Находки даже на первый взгляд были интересные и относились ко времени как минимум Ермака и хана Кучума, когда на уральской земле обитали её исконные хозяева – народ манси (или вогулы). Особенно меня заинтересовал нож: обоюдоострый с двумя кровостоками клинок длиной с четверть. Он хоть и был ржавым, но без глубоких каверн.
Я сказал, что находку нужно бы показать специалистам.
Через пару недель Алексей Языков, кандидат исторических наук, сотрудник Уральского института истории и археологии ошарашил меня своим вердиктом:
– Судя по всему, это четвёртый – седьмой век, эпоха Великого переселения народов. Слыхали?
– Немного. Варвары, падение Римской империи и всё такое… А как это оружие могло оказаться на берегу Сильвы?
– Все версии только на уровне предположений. Определённо лишь то, что им владели угры. Скорее всего, это было так называемое вихревое заселение: сначала из Приуралья проникли через земли современной Башкирии в Прикамье, но, столкнувшись там с мощным противостоянием местных племён, были вынуждены отступить. Один из этих путей был водным: поднялись от Камы сначала по Чусовой, потом по её притоку – Сильве.
Но могут быть и другие варианты. Например, что это племя угров, которое возвращается в родные края из набега в составе полчищ гуннов на Европу. Внести ясность могли бы археологические раскопки на месте находки. На территории региона это первый такого рода клад оружия. Так что поздравляю!
Журавля, конечно, интересовала цена находки. Но Языков констатировал: чтобы подтвердить возраст железок, потребуются дорогие исследования вроде металлографии. И даже после них коллекционера отыскать будет сложно.
Но слова историка нисколько не расстроили Журавля. Он услышал главное: клад – единственный в своём роде, оружию порядка полутора тысяч лет. Как всё это могло ничего не стоить? Что понимает в этом какой-то ботан, пусть и кандидат наук? Ещё большую надежду в товарища вселила моя статья «Оружейный клад древних угров», опубликованная в газете.
Правда, в ней я заменил название горы с Липовой на Берёзовую, так как предполагал, что после публикации сыщутся охотники порыться в фартовом месте. Этого мне сразу, уж не знаю почему, не хотелось.
Журавель же мыкался со своей находкой по различным коллекционерам и антикварам, в качестве «сертификата» подлинности предъявляя эти публикации, в которых было приведено мнение Языкова. Но газеты на такого рода людей не способны произвести впечатления, они были готовы доверять лишь своим глазам, официальным бумагам и чутью.
– Отдай ты всё в местный музей, – советовал я Журавлю. – Денег всё равно не выручишь, во всяком случае, серьёзных, а так хоть имя своё увековечишь.

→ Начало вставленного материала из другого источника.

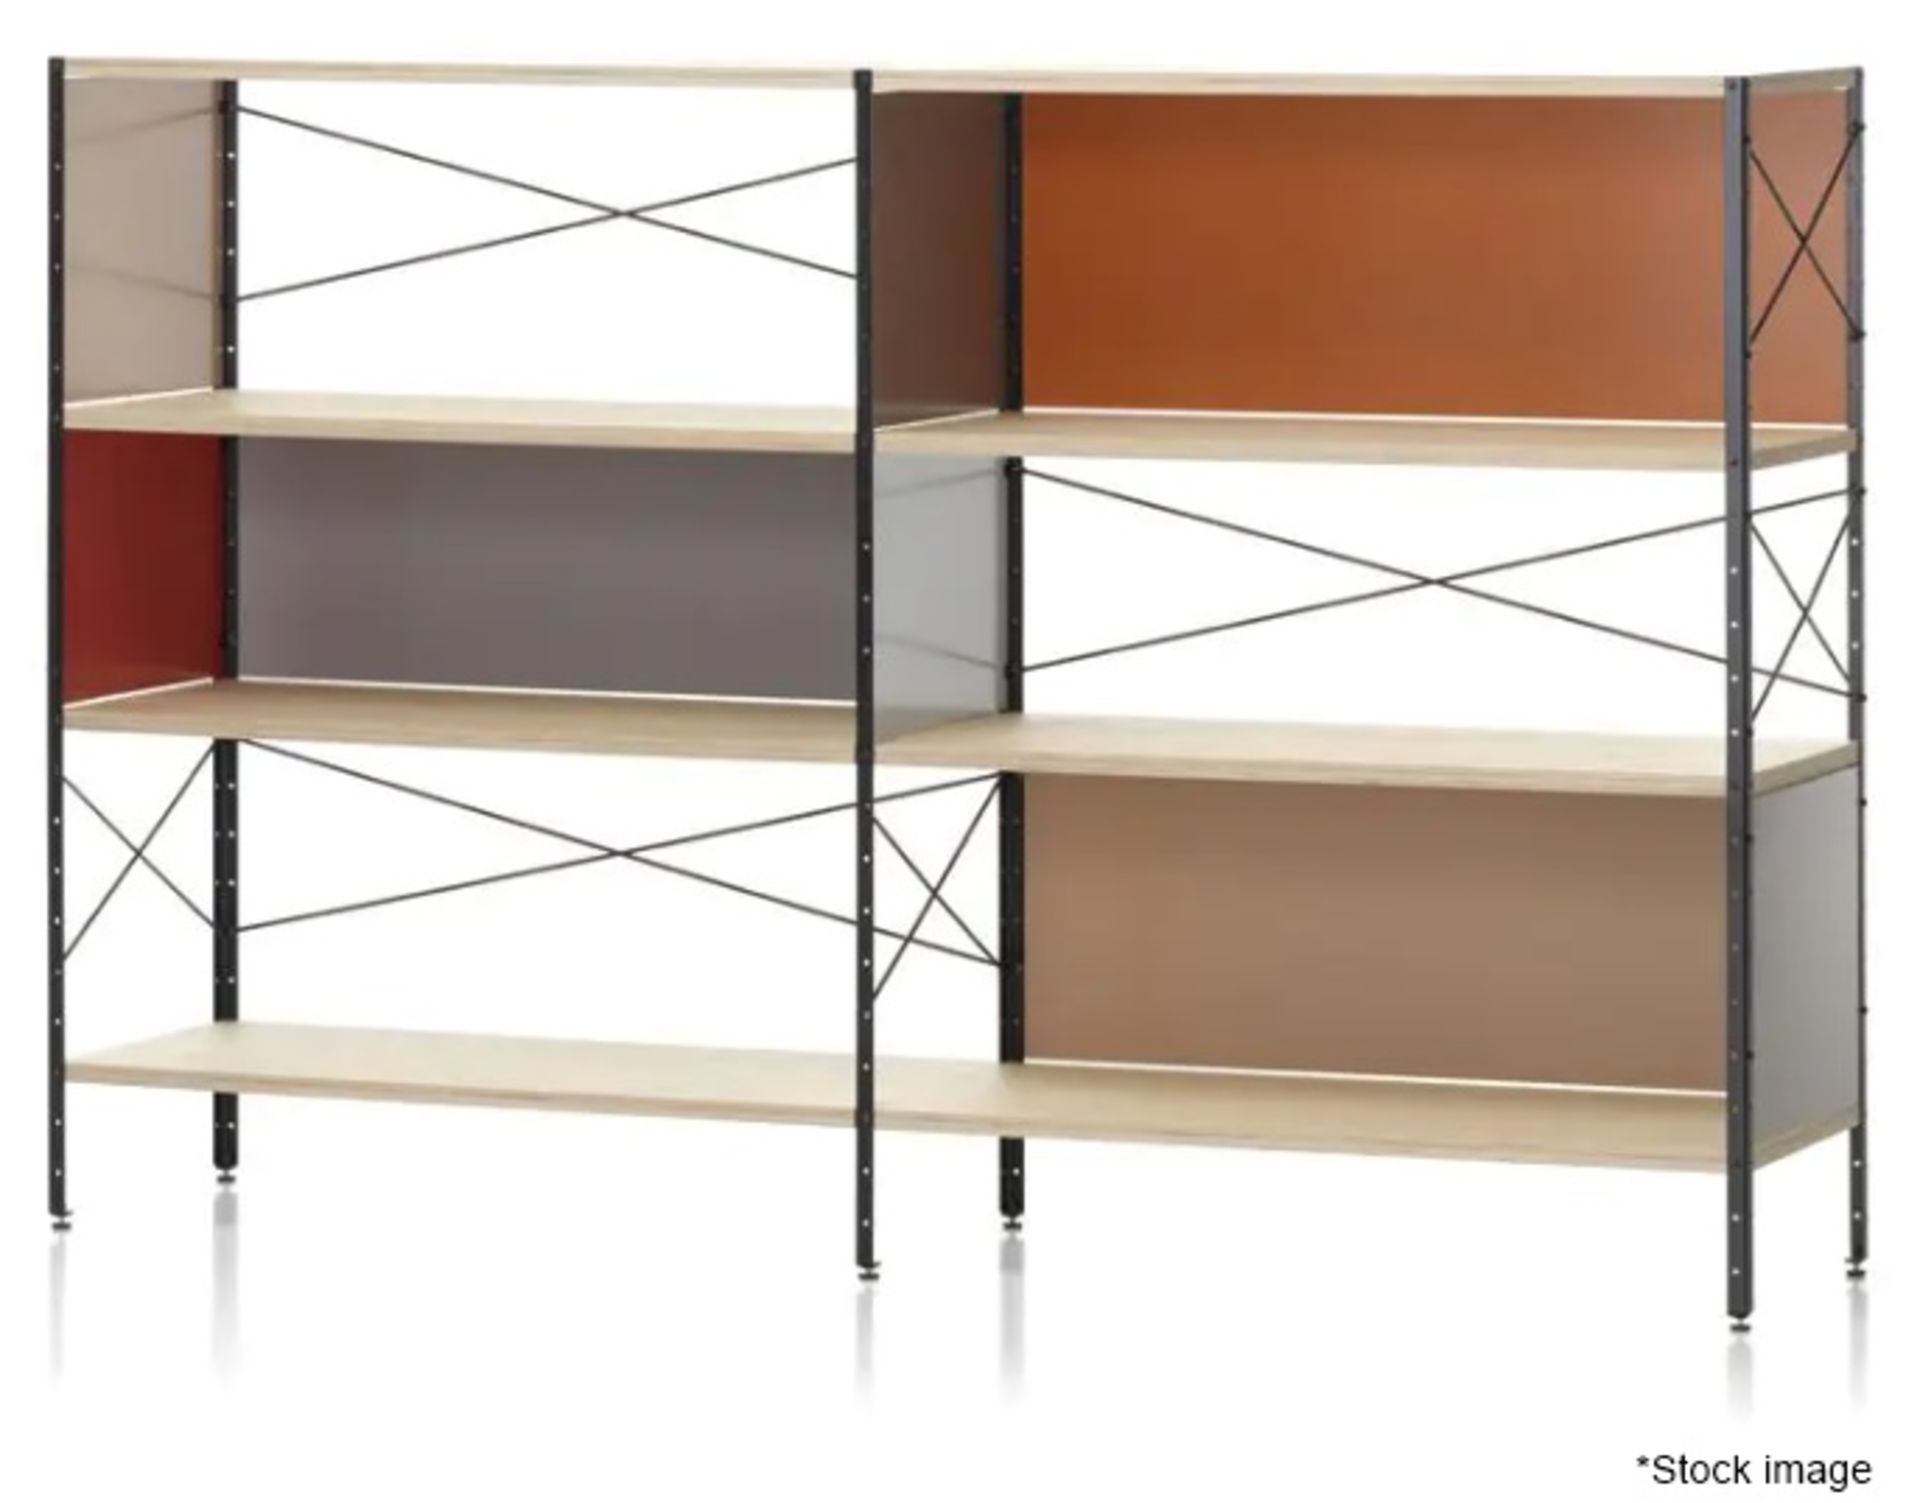 1 x VITRA Eames 'Esu Shelf 3' Designer Bookcase / Storage Unit - Original RRP £2,555 - Image 2 of 7

Создадут экспозицию, многие годы люди будут ходить, удивляться, качать головами, цокать языками… И всё благодаря кому? Николаю Журавлёву! А?
– Эх, не знаю, – Журавель терял свой предпринимательский пыл, но не сдавался.
Потом на пару месяцев он пропал: не звонил, не появлялся. Я уж было подумал, что удалось-таки продать оружие. А таится, потому что опасается, как бы делиться не пришлось – долю попрошу. Потом узнал, что Журавля убили. Лучший друг ткнул по пьянке кухонным ножом. Я в это время находился в командировке, так что и на похоронах не побывал.
Жена Журавлёва позвонила сама.
– Георгий, тут такое дело. Николай в больнице бредил, пока не отключился. Повторял всё время: «Клад Жорику отдай». Клад-то, наверное, железки, с которыми он всё носился как с писаной торбой. Так приди, забери.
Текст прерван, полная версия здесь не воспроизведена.